Democrats raged against both the state's legislature, as well as against Georgia Gov. Brian Kemp, a Republican apparently trying to rebuild his reputation in his own party after resisting former President Trump's attempts to overturn the 2020 election results while the bill was in transit. But just as much ire was directed at corporate America, which appeared to stand on the sidelines as Peach State lawmakers propelled the bill forward. Among those most criticized were big Georgia-based companies like Coca-Cola, Delta Airlines, AT&T and Home Depot. 

Facing enormous pressure to take a stand against the bill, two of these institutions (Coke and Delta) have recently spoken out against SB 202, while another of them spoke about the importance of voting rights more broadly. Reports show that over the past several years, however, every single one of those spoke very differently with their political donations.  

According to CNBC's Brian Schwartz, since 2018 Coca-Cola has contributed more than $25,000 to Kemp, as well as to the bill's state Senate backers. Salon found in company filings, for instance, that thousands of dollars in 2020 were donated via Coke's Georgia PAC to state Sens. Michael Dugan, Frank Ginn, Chuck Hufstetler, John Kennedy, Jeff Mullis and Blake Tillery, along with state Rep. Barry Fleming, all of whom sponsored the widely-criticized bill to clamp down on voting access.

Coke also made a corporate donation of $172,000 to the Georgia Political Action Fund. According to Georgia state campaign reports, the "The Coca-Cola Company Georgia Political Action [sic] Fund" — almost certainly  the same entity — gave $4,000 last year to Kemp's  2024 primary campaign. It also gave thousands to the aforementioned Hufstetler and Mullis, along with Sens.
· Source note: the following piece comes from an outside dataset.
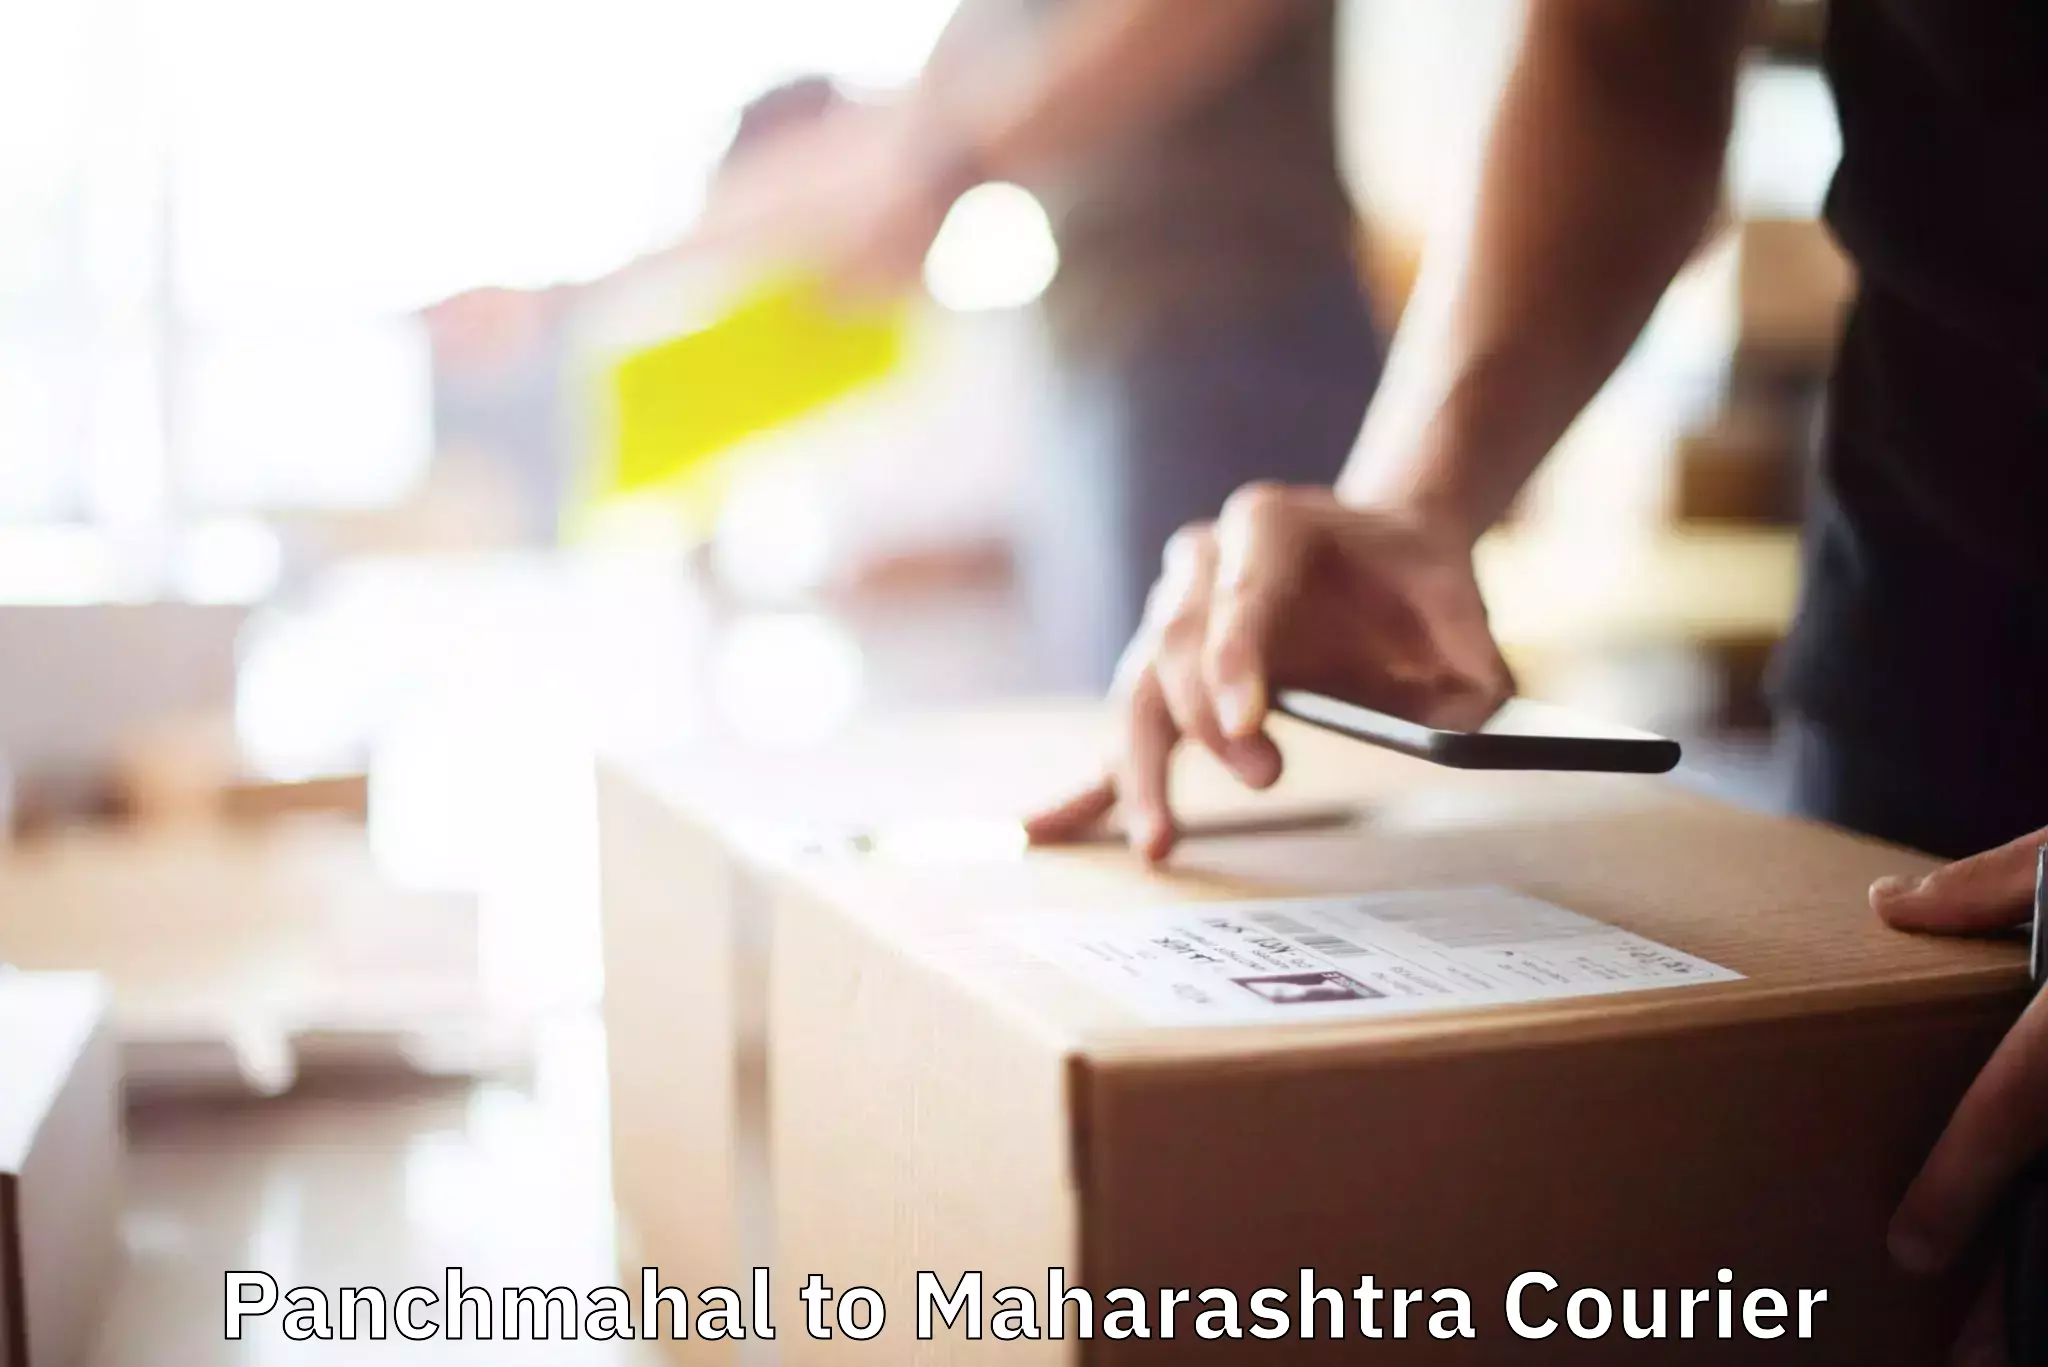 Furniture transport and storage in Panchmahal to Maharashtra

Dean Burke and Butch Miller.

Asked to comment on its relationships with these lawmakers, a Coca-Cola representative directed Salon to CEO James Quincey's official statement on the bill, which states that "throughout Georgia's legislative session, [Coke] provided feedback to members of both legislative chambers and political parties, opposing measures in the bills that would diminish or deter access to voting." So while the company claims it worked behind the legislative scenes to remove the most objectionable provisions of SB 202, Coke concurrently bankrolled sponsors who were probably responsible for those very provisions. 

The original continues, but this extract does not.